# Mit PHP entzippen



## Tix (1. Juli 2006)

Hallo Leute, 

ich habe schon alles hier durchsucht, aber nix gefunden was mir helfen kann. 
Ich habe PHP 4.3 auf meinem LinuxServer installiert. 

Auf diesem liegt eine Zip-Datei die in einen anderen Ordner entzippt werden soll. Ich habe auch schon dieverse Links wie PHP: ZIP Funktionen (Lesezugriff) - Manual oder so durchsucht. Aber das geht alles nicht. 

Muss ich dafür was besonderes auf dem Server installiert oder freigegeben haben, damit das geht?

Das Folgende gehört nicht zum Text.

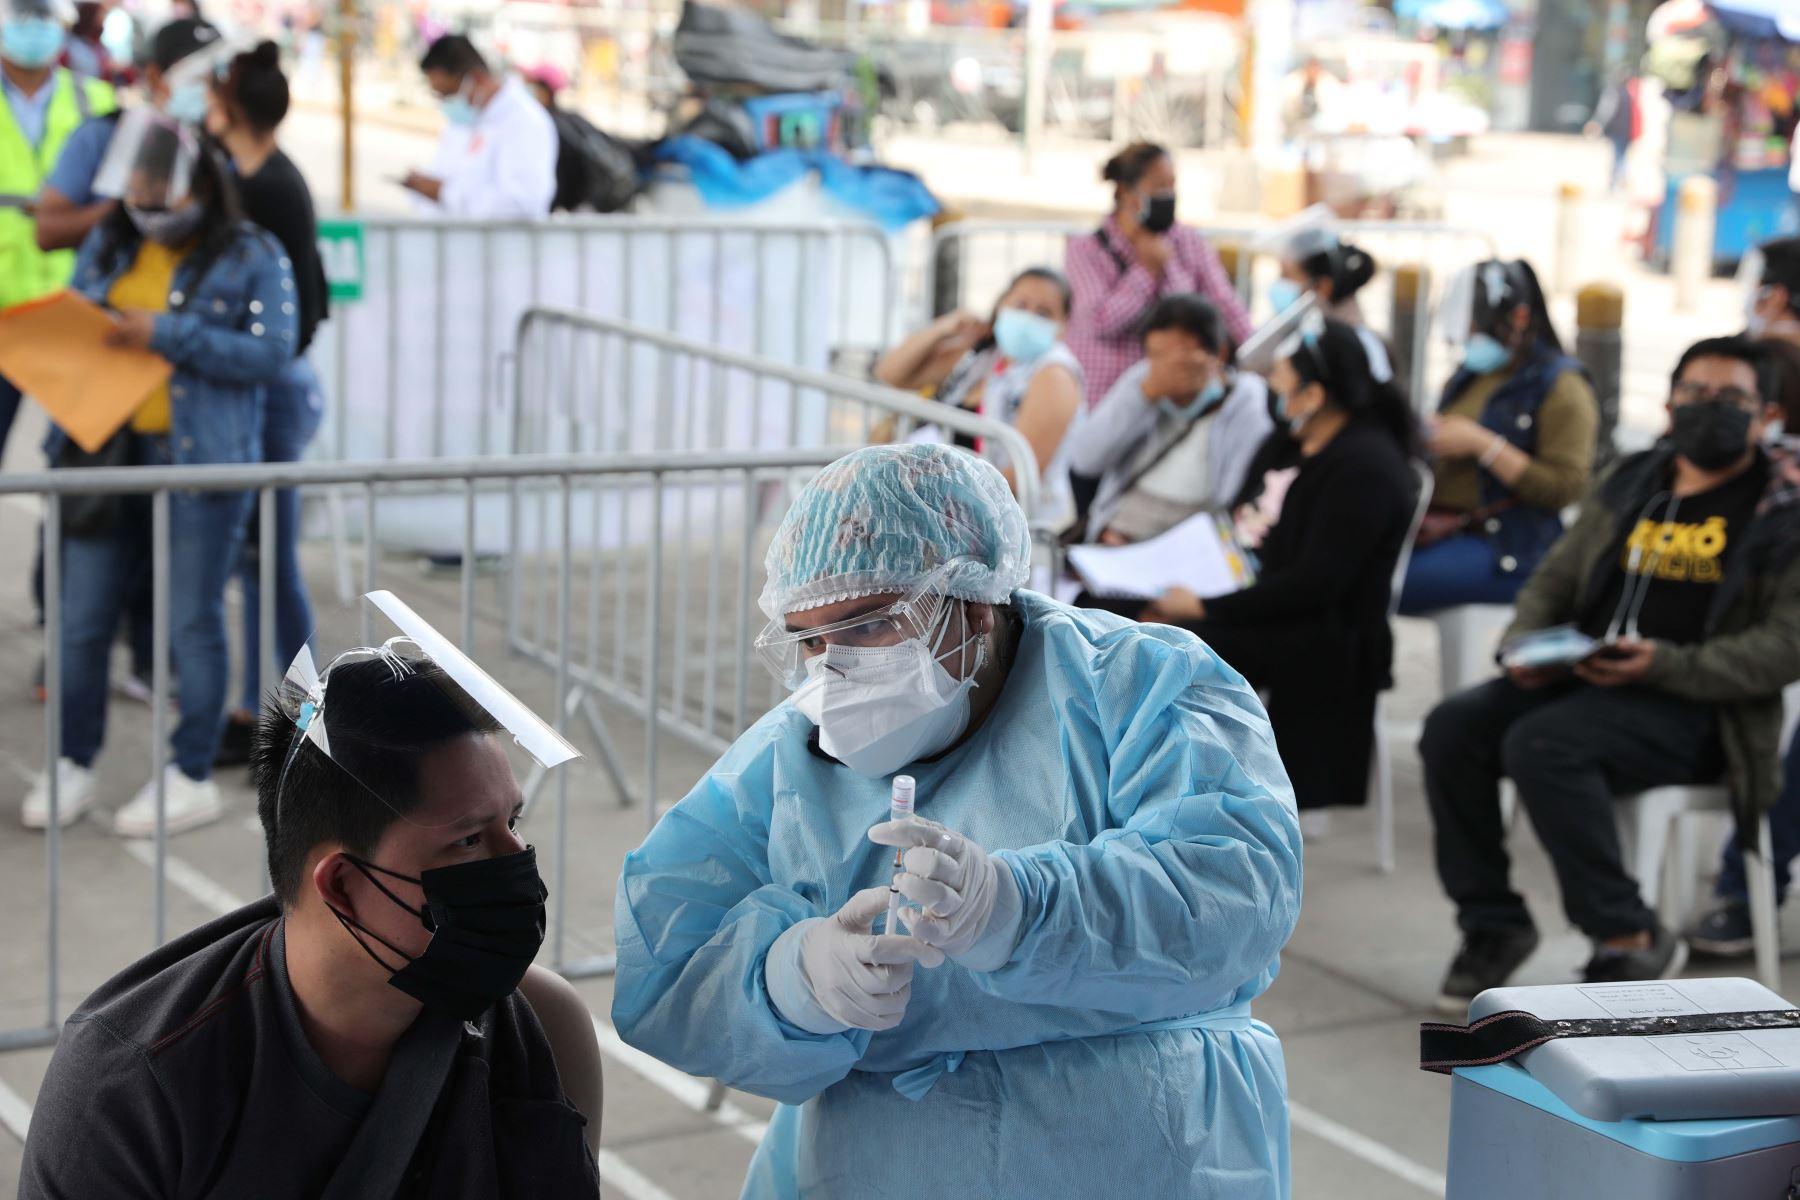 Buenas tardes, Campaña de vacunación para mayores de 23 años en estación Los Jardines del Metro de Lima en el distrito de San Juan de Lurigancho. Foto:Andrés Valle

Wäre nett wenn Ihr mir helfen könntet. 

Gruß, Tix


----------



## Flex (1. Juli 2006)

PHP Classes - Welcome to the PHP Classes Repository hat dafür einige nette Klassen. Benutz einfach mal dort die Suchfunktion.


----------



## Tix (1. Juli 2006)

ne, nix gefunden, nur was zum zippen, aber ich muss entzippen


----------



## Flex (1. Juli 2006)

> This package can be used to pack and unpack files in ZIP archives.
> 
> There is a class that can retreive the list of packed files as well several types of file details such as the uncompressed size, last modification time, comments, etc..
> 
> ...


PHP Classes - Class: dUnzip2

Ist übrigens der zweite Treffer in der 'Compression' Gruppe der Klassen...

Und der erste wenn man nach 'unzip' sucht


----------



## Tix (1. Juli 2006)

also irgendwie komme ich mit der Website nich klar. Muss ich diese Klasse installieren, oder ist das das fertige Script. Hab bis jetzt immer nur etwas leichterere Sachen programmiert


----------



## Flex (1. Juli 2006)

Da sind doch 4 Dateien drin?
Zwei Klassen, eine zum dynamischen zippen, die andere die Unzip Klasse...
Dann sogar eine Documentation.txt die dir alles erklärt UND eine sample.php mit Beispielen. 

Anhand diesen sollte man doch wirklich arbeiten können?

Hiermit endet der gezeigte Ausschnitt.